Scalia understands this. Reagan understood this. The NRA understood this up until the 1970s. Believing that securing a safe, civil society for all requires all of us to walk around armed and ready to kill strangers in snap decisions is the truly dangerous mindset. I hope you never have cause to have to kill someone in self-defense, but your paranoid distrust of others and desire to walk around with deadly force in hand makes me glad I live in a state that makes it hard to do that.

DinsdaleP

Oh, I thought I was being pretty logical in breaking it down, and providing factual counter-views to yours from two highly respected conservative icons.

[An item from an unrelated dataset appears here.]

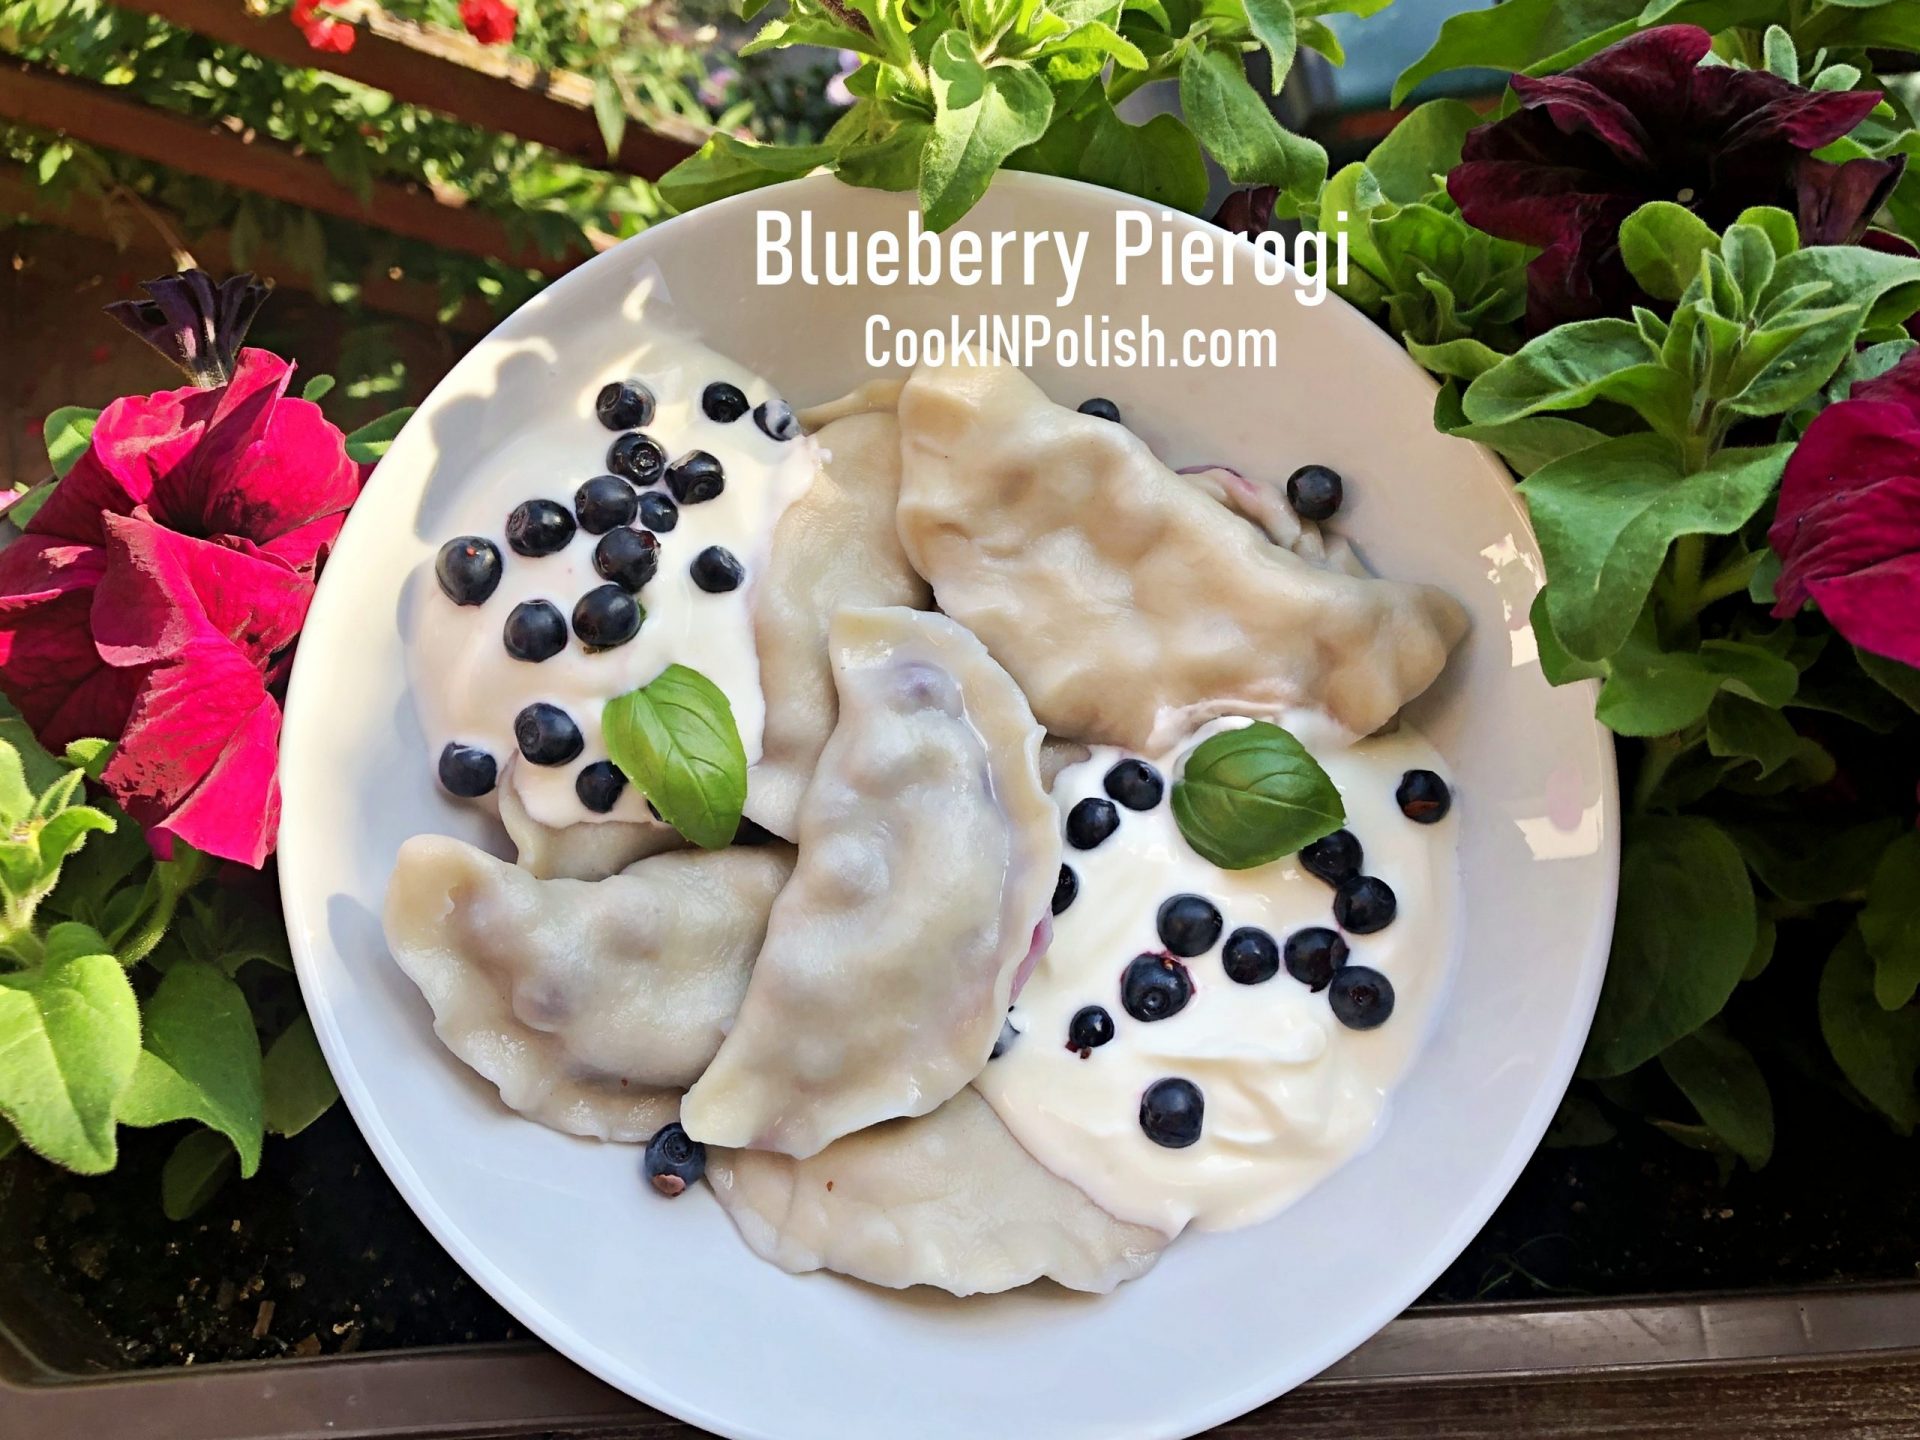 Blueberry Pierogi

This isn’t about “I win, you lose”, it’s about being able to see what the other side of an issue is, and that other viewpoints can have valid elements to them even when they don’t line up 100% with yours.

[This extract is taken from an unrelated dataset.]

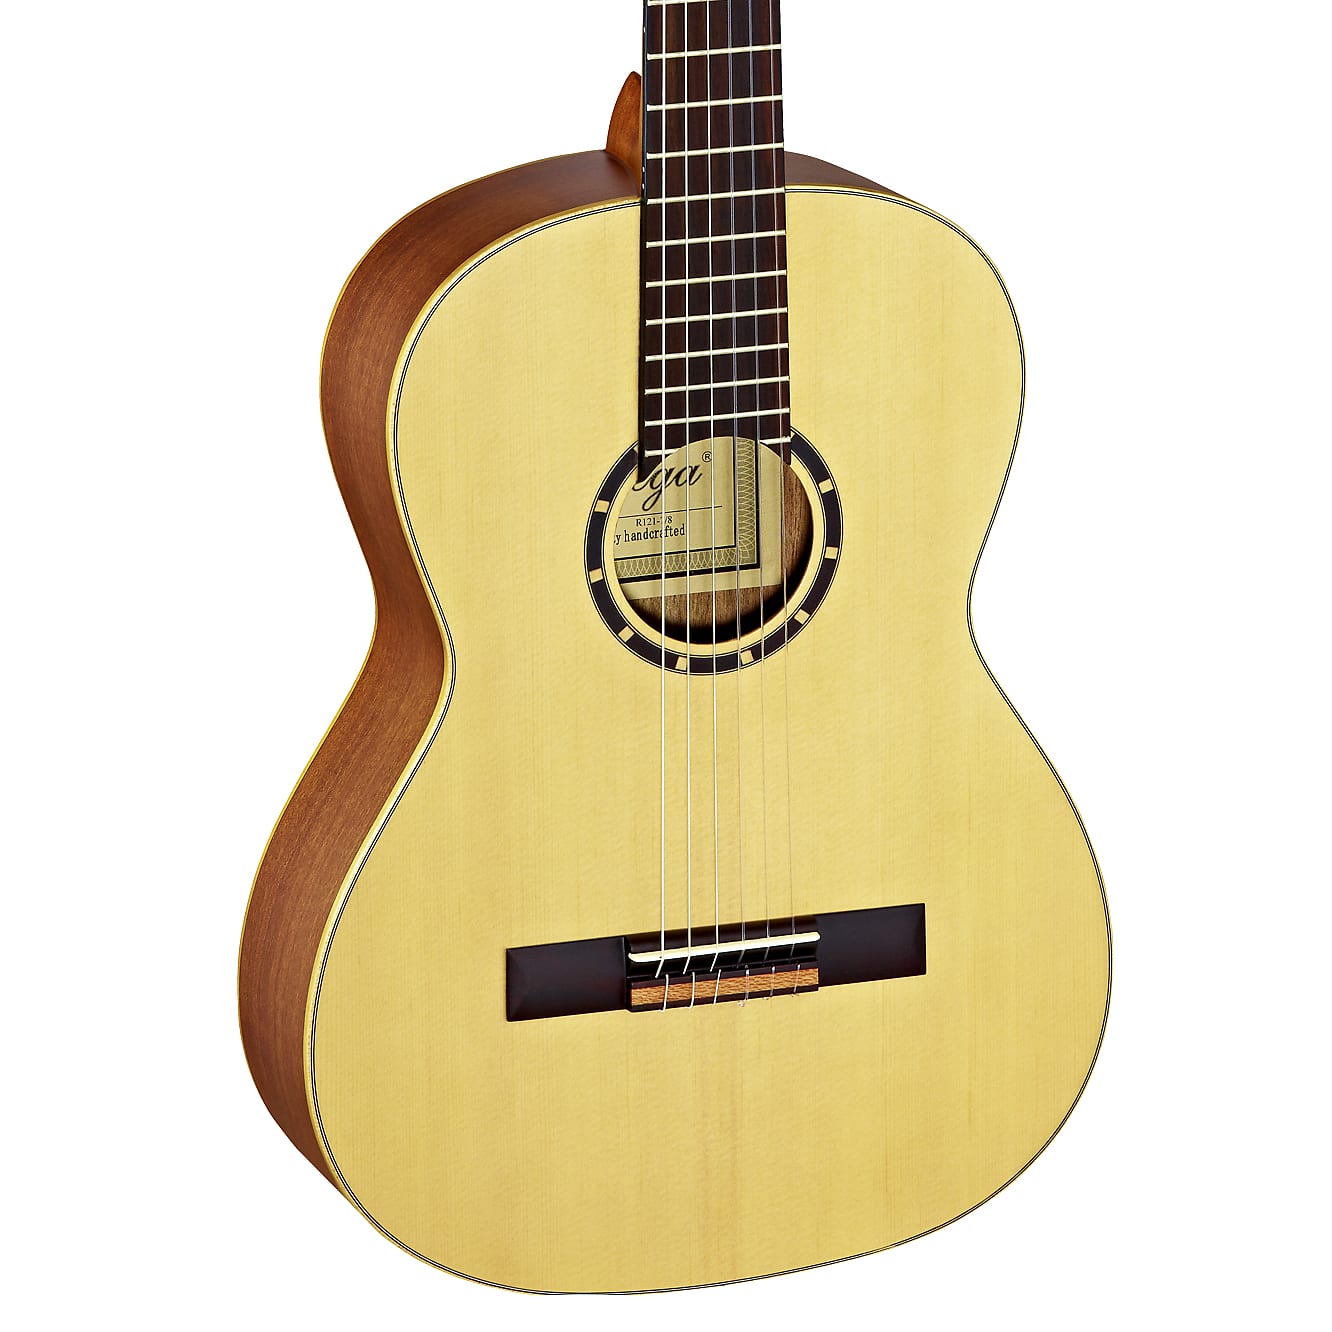 Ortega Family Series 7/8 Size Spruce Top Nylon Acoustic Guitar R121-7/8 w/gigbag

Reagan passed the Mulford Act to prevent California citizens from bearing arms in public. These citizens weren’t looking for trouble, but simply wanted to employ their constitutional 2nd Amendment right to self-defense against government brutality.

That self-defense-against-abusive-government motivation goes to the very heart of why you and your colleagues believe the 2nd Amendment exists. And then a chief executive passes a law to remove the ability of lawful citizens to bear arms in self-defense against the state – the worst-case scenario you imagine Obama planning, but it actually happened in the 1960’s.

And it was done by Ronald Reagan. And done with the support of the NRA.

But there’s no analysis of that historical fact by CNAV. You stir up the faithful by talking of tyrants and what people “might” do if they aren’t stopped, but your own icons did much more and much worse than anything in Obama’s executive orders.

If you’re going to condemn any and all forms of gun control as “infringement”, then you and your associates should at least be consistent and address the history of Reagan and gun control. There was no outcry then, and there’s no criticism now – why?

DinsdaleP

And please stop with the “we face a tyranny as vicious as that of Adolf Hitler” rhetoric. For someone who cares about Israel as much as you do, it’s sad that you’re equating conditions in America today to life under the Nazis.

Try telling that line of yours to the face of any elderly Jewish survivor of WWII Germany, and be prepared to wipe their spit off your person afterward.

DinsdaleP

“And if no one cried out against Reagan, that was because he granted far greater freedom than he took away. Freedom to produce. To trade. To hire and fire.”

Hmmm. So it’s okay to take away your Second Amendment rights if you throw some economic bones to the people being deprived of their rights. By that logic, Obama could take away everyone’s guns if he provided enough jobs and economic growth to “keep the sheep pacified”.

Sorry, I’m not buying it.

DinsdaleP

Fair enough, but I was asking where the outrage was over this from the editors at CNAV. You attack Obama over what you think might happen because of what you believe his agenda is, but the available facts are that his executive orders do nothing to disarm anyone.

However, there is a 1960’s precedent for one of the actions that you consider tyrannical, unconstitutional, and worthy of civil disobedience. And yet it was not found to be unconstitutional, the NRA supported it, and there was no civil disobedience over it.

Considering that this took place in our lifetime (well, yours and mine at least), it’s hard to make an effective case for your position, you need to rationalize why it was acceptable for a conservative icon to have enforced more restrictions on 2nd Amendment rights than Obama has ever proposed. Anything less is just hypocrisy.